I plan to try hooking up agentic tools in the future to this which is why I have it set to -np 4 and such a high context amount.

I have this loaded into openwebUI and I setup a workspace for it along with 2 functions. One for web_search that calls the searXNG endpoint and the other that is called scrape_and_scout that calls crawl4AI with a URL and then instructs the output to be sent straight to my scout model rather than being piped directly back to Qwen. Once the scout model completes, the function passes the scouted info back to Qwen to do with what it wants. OnewebUI, SearXNG and Crawl4AI are running in a separate docker alongside Gluetun with split tunneling to help with privacy for searches and to let me relocate my IP to countries that aren't blocked as much by scrapers (I actually have found Poland to work quite well).

I have the scout Llama 3.2 3B Instruct on a separate llama server docker container that is running to a 3070 on an eGPU connected to the same strix halo system. This works amazingly well and I was able to give the scout a context window of 49K without making llama.cpp yell at me to fit it entirely on the card. This model is insanely fast at scouting the pages that openwebUI hands it from crawl4AI, so it does not add much extra time to Qwen's workflow. Here is my docker command string for the scout model:

command: >

-m /models/Llama-3.2-3B-Instruct-Q6_K_L.gguf

-c 49152

-np 1

-ngl 999

--host 0.0.0.0

-ctk q8_0

-ctv q8_0

-fa on

--batch-size 4096

--ubatch-size 2048

--no-mmap

-t 4

My one complaint at the moment is that there are times that Qwen will get a bit too excited and forget the constraints I have placed in the system prompt, so I need to figure out a hard limiter on the tools so it doesn't lose its mind and go down 20+ search and scrape rabbit holes trying to find an answer and fill its context window. As each tool call is seen as a new command, Qwen has a hard time counting how many times it has run a tool in a session and just goes wild. Other than that occational issue, it is quite fun watching Qwen look for something, not be happy with web-snippits or scrapes, change it's prompt, try again, and continue refining info until it is happy enough to give an answer. It is certainly not as creative as Gemma 4, but it's tool calling is absolutely bonkers (I could not twist Gemma 4's arm hard enough to make it like tools).

[-]

Djagatahel@reddit

How did you end up configuring crawl4ai? I tried it a few months and I remember the UI being absolutely not intuitive

[-]

hailnobra@reddit

Honestly, I just deployed a docker container for this in my gluetun AI frontend stack and then tied a python script in that lets openwebUI send the call from Qwen to crawl4ai. Here is the crawl4AI section (ports are up with gluetun so I still have access to the webUI for myself, but I have never personally used the UI and just let OpenWebUI handle it

  crawl4ai:
    image: unclecode/crawl4ai:latest
    container_name: crawl4ai
    network_mode: service:gluetun
    environment:
      - CRAWL4AI_API_TOKEN=${CRAWL4AI_API_TOKEN:-} 
      - MAX_CONCURRENT_TASKS=5
    healthcheck:
      test: ["CMD-SHELL", "curl -f http://localhost:11235/health || exit 1"]
      interval: 30s
      timeout: 10s
      retries: 3
    depends_on:
      gluetun:
        condition: service_healthy
    restart: unless-stopped

Here is the python script I put into OpenwebUI tools that handles the scrape and sending to the scout model for summarization (built with some help from Qwen and Gemini to get it working)

"""
title: Scout Scraper Tool
description: Scrapes a website, tokenizes to prevent context overflow, and uses a scout AI to extract data.
requirements: tiktoken, requests, pydantic
version: 1.0.1
"""

import requests
import json
import tiktoken
from pydantic import BaseModel, Field
from typing import Optional

class Tools:
    def __init__(self):
        # Crawl4AI setup
        self.crawl_api_url = "http://localhost:11235/crawl"
        self.crawl_api_token = (
            "<crawl4AI_API_token_Here>"
        )

        # Scout LLM setup (Llama-3.2-3B on Llama.cpp)
        self.scout_api_url = "http://<IPaddress:port_for_llama.cpp_server>/v1/chat/completions"

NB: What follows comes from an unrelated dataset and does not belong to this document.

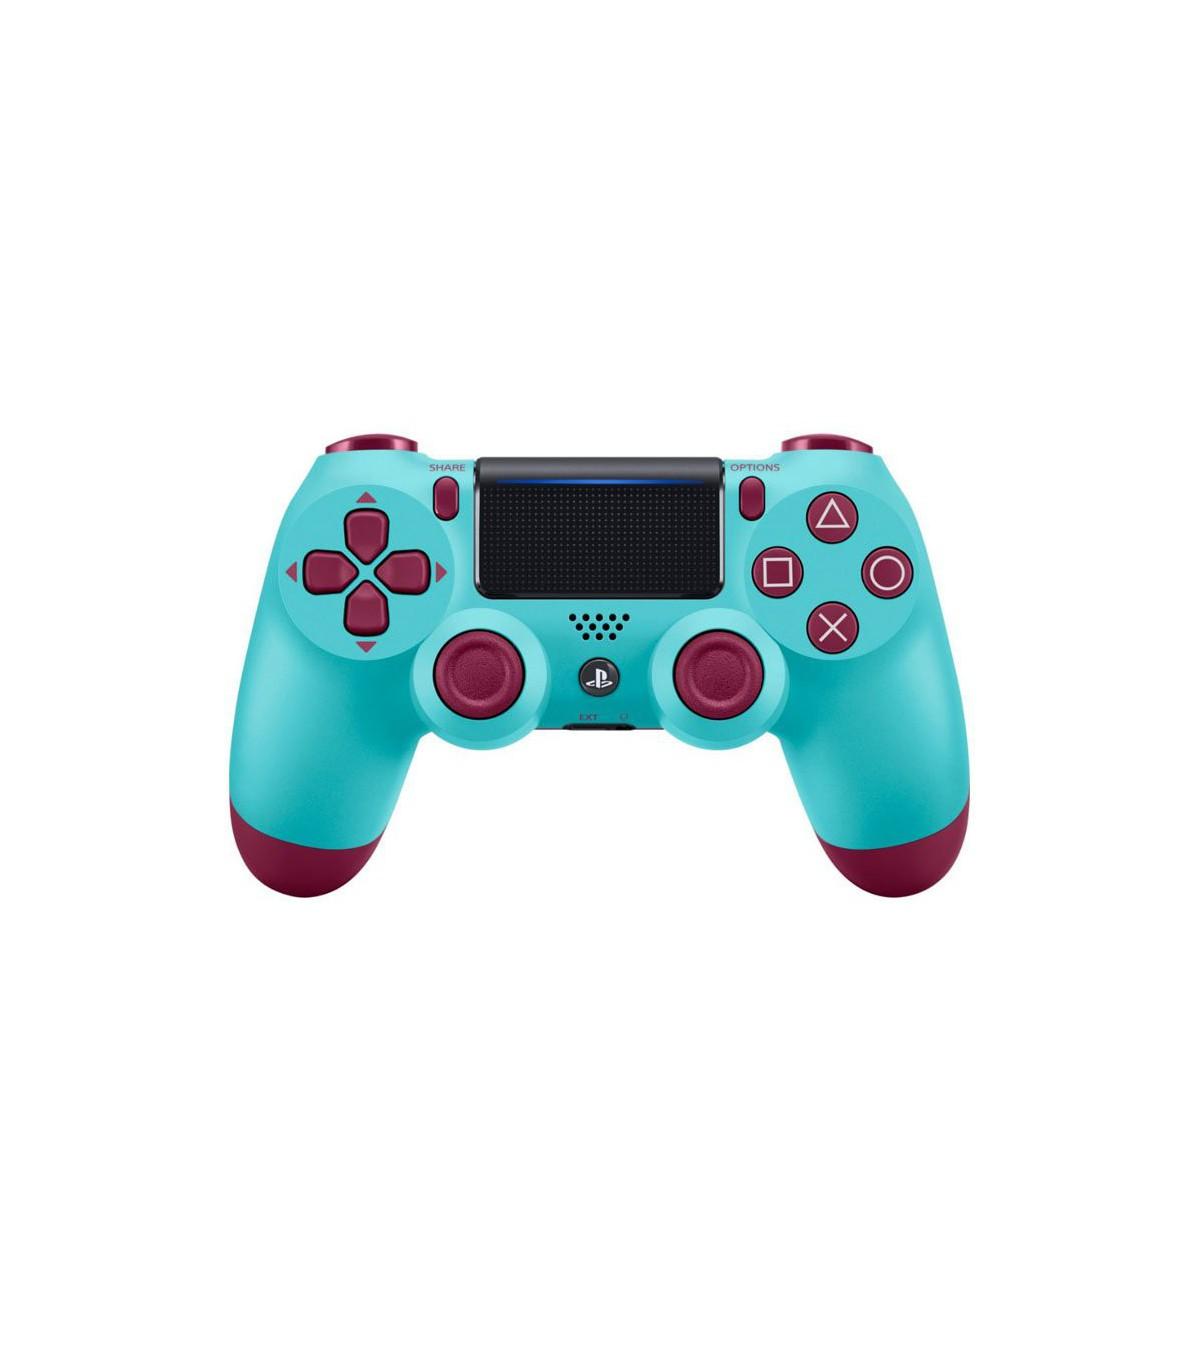 دسته بازی سری جدید رنگ آبی بلوبری DualShock 4 Berry Blue Slim Controller
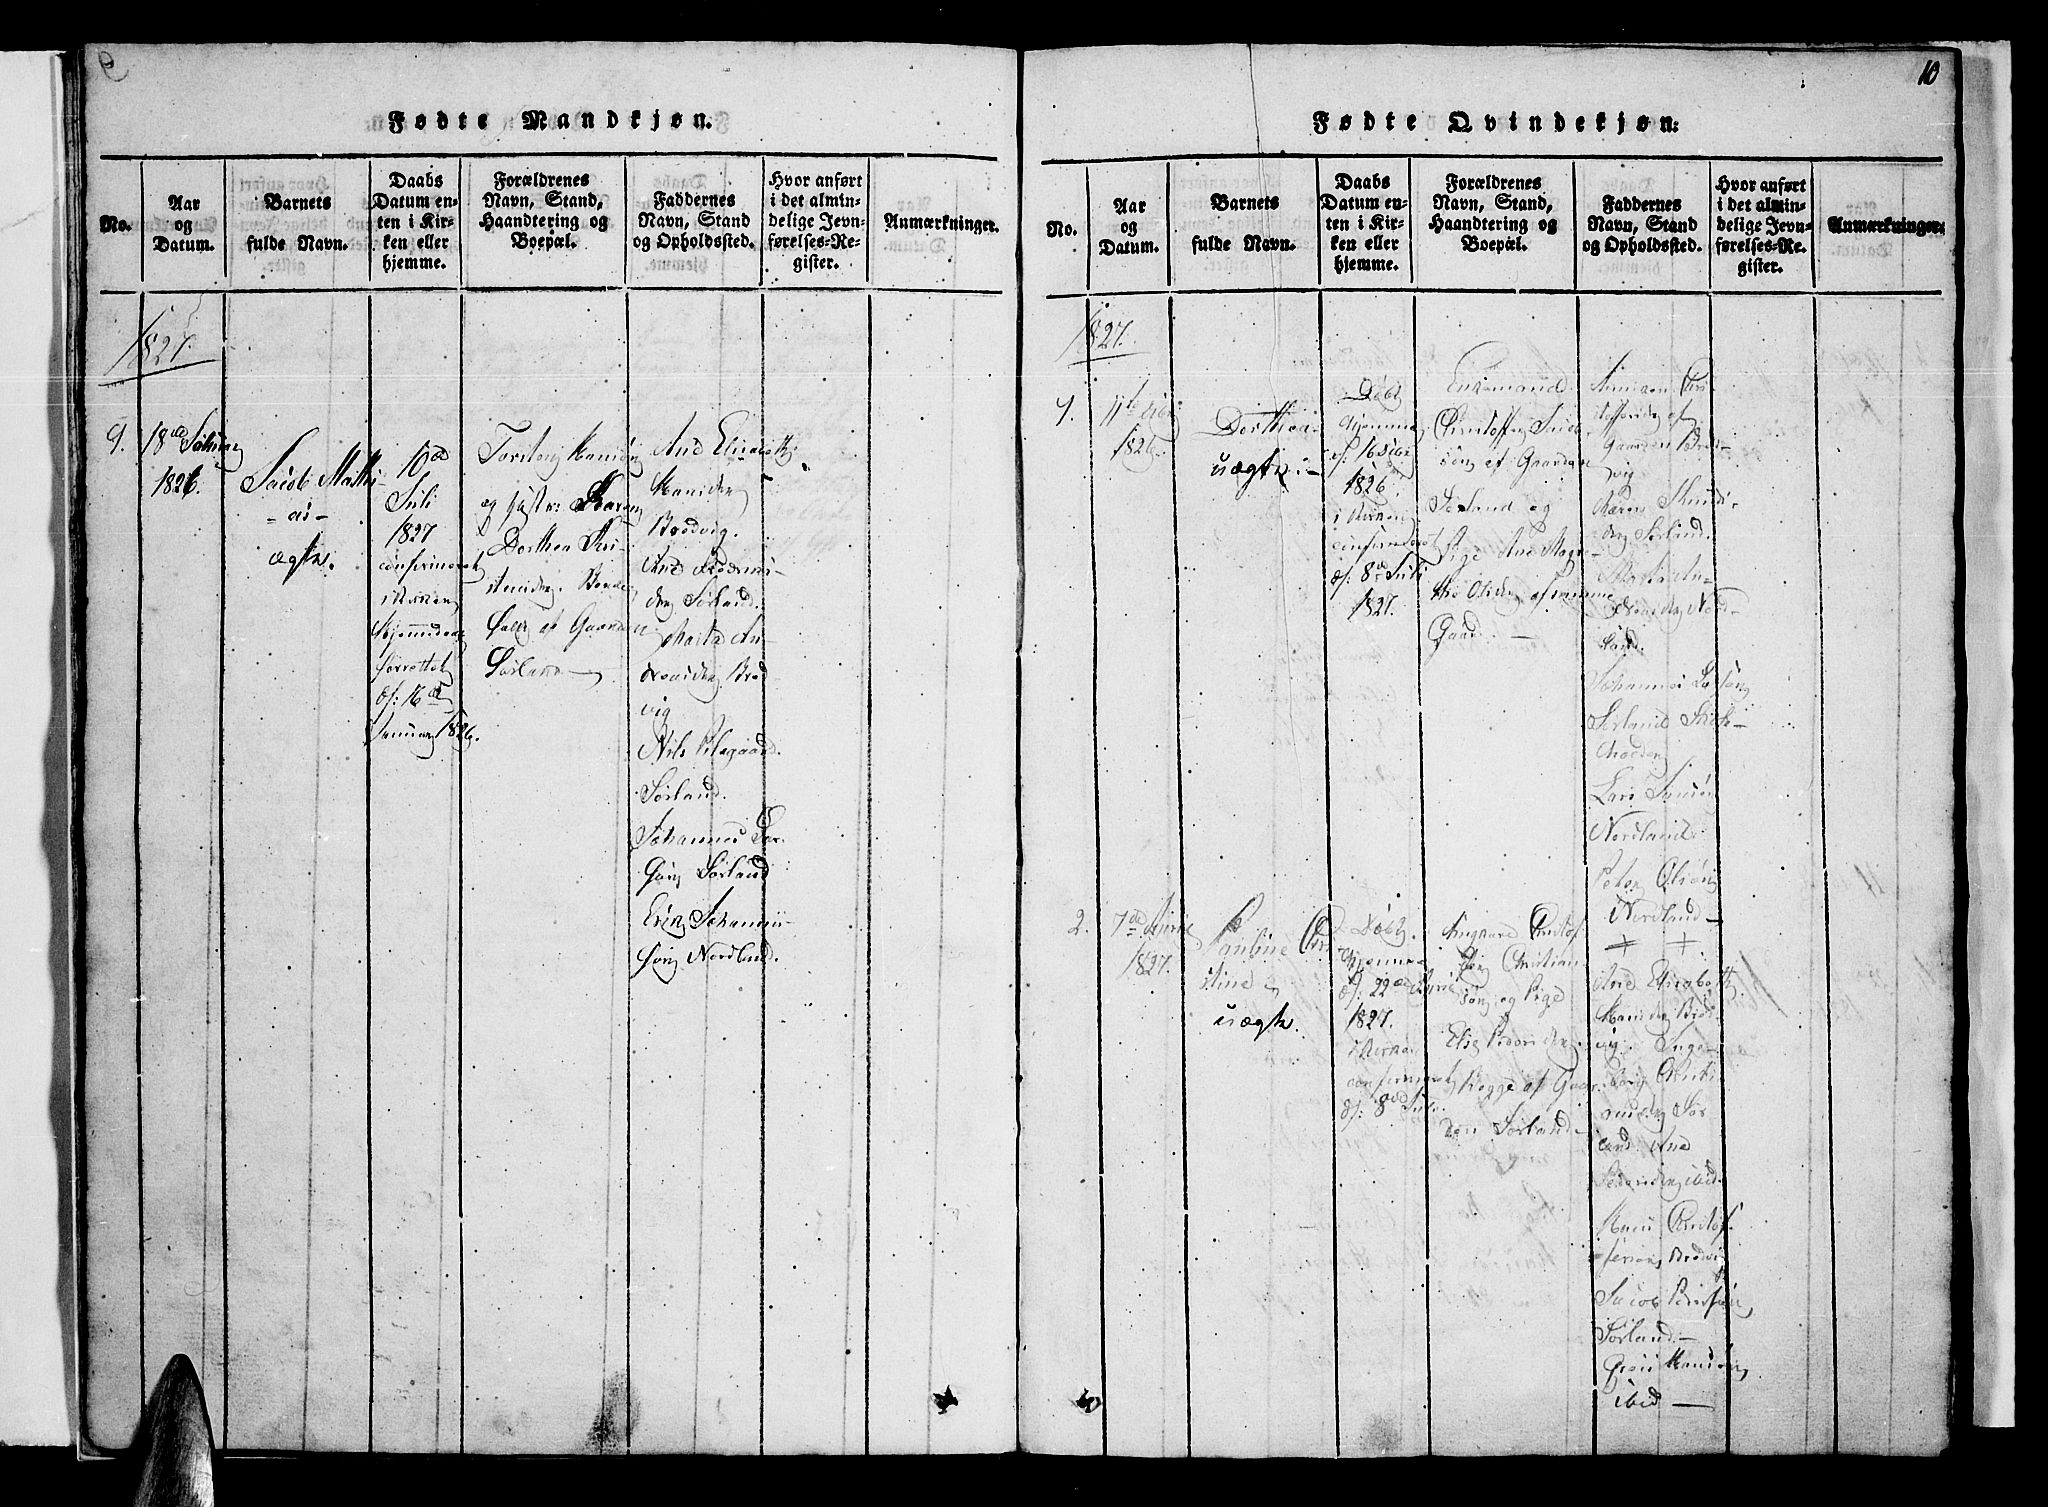 SAT, Ministerialprotokoller, klokkerbøker og fødselsregistre - Nordland, 807/L0120: Ministerialbok nr. 807A03, 1821-1848, s. 10

        # Initialize the tokenizer
        self.tokenizer = tiktoken.get_encoding("cl100k_base")

    def scrape_and_scout(self, url: str, query_context: str) -> str:
        """
        Scrapes a website and uses a scout AI to extract specific technical information.
        Use this when standard search snippets lack sufficient depth.
        :param url: The full URL to scrape.
        :param query_context: Specific instructions on what facts or code to extract from the page.
        """
        headers = {
            "Authorization": f"Bearer {self.crawl_api_token}",
            "Content-Type": "application/json",
        }
        payload = {
            "urls": [url],
            "priority": 10,
            "magic_mode": True,
            "wait_for": "networkidle",
        }

        try:
            # 1. Scrape the URL
            crawl_resp = requests.post(
                self.crawl_api_url, headers=headers, json=payload, timeout=30
            )
            crawl_resp.raise_for_status()
            data = crawl_resp.json()

            if not (data.get("success") and data.get("results")):
                return f"Scrape failed: {data.get('error', 'Unknown error')}"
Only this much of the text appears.